* WHAT NEEDS TO BE DONE: Having located "Vintage Sterling Silver" in the records below, repeat exactly the line it is on and all subsequent lines, ending with the last.

* PROVIDED ENTRIES:
————

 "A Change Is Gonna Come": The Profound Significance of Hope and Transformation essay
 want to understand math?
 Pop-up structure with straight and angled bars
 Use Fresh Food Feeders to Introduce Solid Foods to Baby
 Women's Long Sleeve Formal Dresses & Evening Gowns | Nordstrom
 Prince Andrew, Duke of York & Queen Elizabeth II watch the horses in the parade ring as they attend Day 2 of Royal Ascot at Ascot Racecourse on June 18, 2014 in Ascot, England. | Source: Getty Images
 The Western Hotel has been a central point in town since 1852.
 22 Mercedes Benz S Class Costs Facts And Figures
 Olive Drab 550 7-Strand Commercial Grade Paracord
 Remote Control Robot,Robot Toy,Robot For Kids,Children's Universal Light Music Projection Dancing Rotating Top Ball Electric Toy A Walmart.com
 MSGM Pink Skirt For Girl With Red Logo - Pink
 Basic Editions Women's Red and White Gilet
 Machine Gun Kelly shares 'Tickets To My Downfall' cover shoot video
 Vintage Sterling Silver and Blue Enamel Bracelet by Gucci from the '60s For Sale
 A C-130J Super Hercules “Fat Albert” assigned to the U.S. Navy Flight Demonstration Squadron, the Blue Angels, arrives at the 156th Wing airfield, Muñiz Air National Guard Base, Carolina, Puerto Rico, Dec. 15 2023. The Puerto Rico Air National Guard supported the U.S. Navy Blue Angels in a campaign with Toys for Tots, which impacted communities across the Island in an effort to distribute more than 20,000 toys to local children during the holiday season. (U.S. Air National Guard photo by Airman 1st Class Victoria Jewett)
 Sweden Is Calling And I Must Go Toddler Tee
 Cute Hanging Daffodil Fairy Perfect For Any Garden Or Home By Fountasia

————

* SOLUTION:
 Vintage Sterling Silver and Blue Enamel Bracelet by Gucci from the '60s For Sale
 A C-130J Super Hercules “Fat Albert” assigned to the U.S. Navy Flight Demonstration Squadron, the Blue Angels, arrives at the 156th Wing airfield, Muñiz Air National Guard Base, Carolina, Puerto Rico, Dec. 15 2023. The Puerto Rico Air National Guard supported the U.S. Navy Blue Angels in a campaign with Toys for Tots, which impacted communities across the Island in an effort to distribute more than 20,000 toys to local children during the holiday season. (U.S. Air National Guard photo by Airman 1st Class Victoria Jewett)
 Sweden Is Calling And I Must Go Toddler Tee
 Cute Hanging Daffodil Fairy Perfect For Any Garden Or Home By Fountasia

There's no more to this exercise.